Edición y prólogo: Hugo
Giovanetti Viola
PARTE 3
20
Después que colgó el tubo
del teléfono empezó a correr y ni siquiera tomó la precaución de ponerse las
botas o abrigarse. Salió por la cocina, atravesó el jardín, cruzó las últimas
calles y corrió a campo abierto como nunca más pensó que podía volver a
hacerlo, siempre hacia las alturas, hasta que el corazón empezó a patearlo como
un caballo suelto y tuvo que arrodillarse, jadeando. “Y ahora” pensó, “y ahora”.
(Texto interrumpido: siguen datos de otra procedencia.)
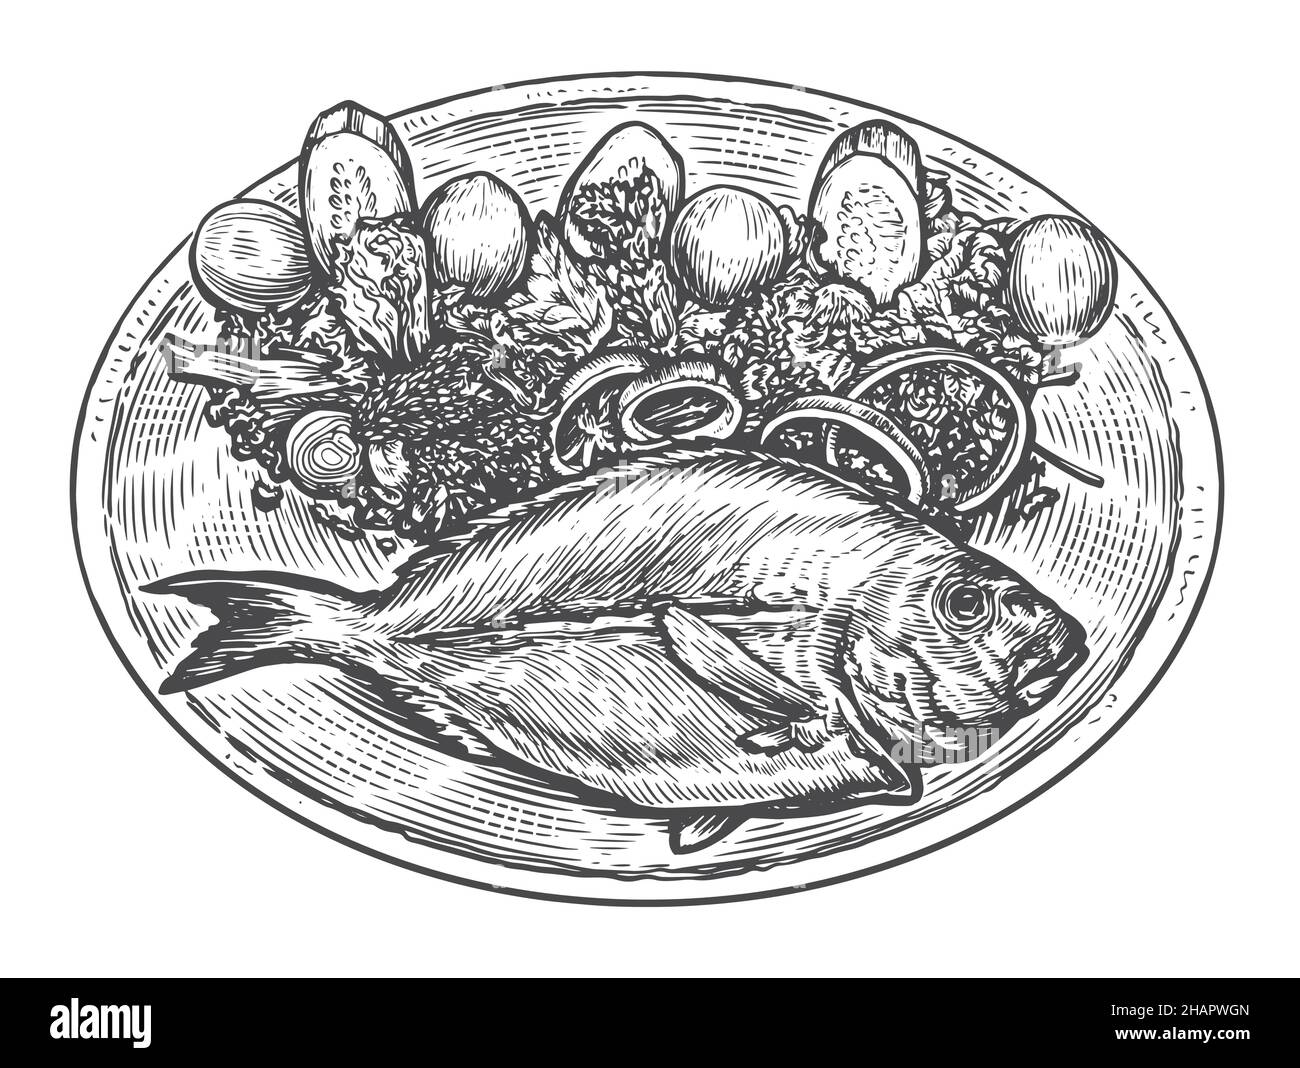 Pesce cotto con guarnitura sul piatto. Cucina di pesce. Illustrazione vettoriale dello schizzo degli alimenti Illustrazione Vettoriale

Miró hacia el pueblo, donde todos estaban dedicados simplemente a esperar el sábado
de noche, y pensó que poco tiempo después de la reacción provocada por las
noticias y los hechos inesperados continuarían cargando con sus vidas como si
nada hubiese sucedido. Era necesario tener la posibilidad de olvidar, de
perdonarlo todo, de superar hasta lo que es imposible de aceptar y seguir
adelante. Pero él no, ya no más. Había llegado al fin y lo sabía. Ya no quedaba
nada allá abajo que lo hiciera volver, pero tampoco había nada allá arriba ni
en ningún lugar. Sólo el viento, se dijo. Y Ella, la maldita. Y ahora era el
momento de jugarse todo porque Ella lo obligaría a usar de nuevo su poder, lo
sabía, una y otra y otra vez, y él ahora estaba decidido a resistir aunque ya
no importara o aunque ya fuera demasiado tarde.
Cuando decidió pararse,
anguloso y quebradizo, se asombró de la resistencia de su cuerpo obstinado en
continuar arrastrando sus huesos montaña arriba, aunque resultase imposible saber
hasta adónde lo llevaría ni cuál sería el final. Y fue recién entonces que el
frío lo hizo darse cuenta de que apenas llevaba puestos una camisa y un leve
suéter de lana, y después de unos metros tuvo que volver a apoyarse contra un
árbol para recuperar trabajosamente el ritmo de la respiración. El zumbido de
las abejas persistía como una cuerda vibrante, expectante y excitada, mientras
se sentaba y estiraba las piernas viendo encenderse las primeras luces del
pueblo.
Y de golpe recordó la
cara de Cristina, la sonrisa que todavía le ofrecía la ilusión de su felicidad
dormida. Y la cara de Ester, los lentes sin montura que estaban expuestos sobre
la mesa de luz, y aquel olor a talco y a algodón que subía desde las sábanas
junto al perpetuo olor a tabaco que exhalaban la ropa y el bigote gris de su
padre, y cómo él ni se movió y pasó de sueño a sueño sin que se notara un
gesto. Y no era dolor ahora, sino apenas la tristeza de que la despedida no
hubiese podido ser diferente, por lo menos.
“Aunque tarde o temprano
sea inevitable atravesar eso que nadie espera ni quiere” pensó después. “Lo que
nos hace confirmar que venimos sólo para lamentarnos y maldecir y culpar a la
vida que nos dio la luz y la sombra. Porque no somos nada más que eso: una pena
con pies yendo de un lado al otro sin saber cuándo ni cómo nos libraremos o nos
olvidaremos de una vez del dolor”. Entonces contempló la opacidad lechosa
derramando sobre las casas ya desdibujadas y se paró y volvió a correr, hasta
que la oscuridad de la montaña lo cubrió por completo.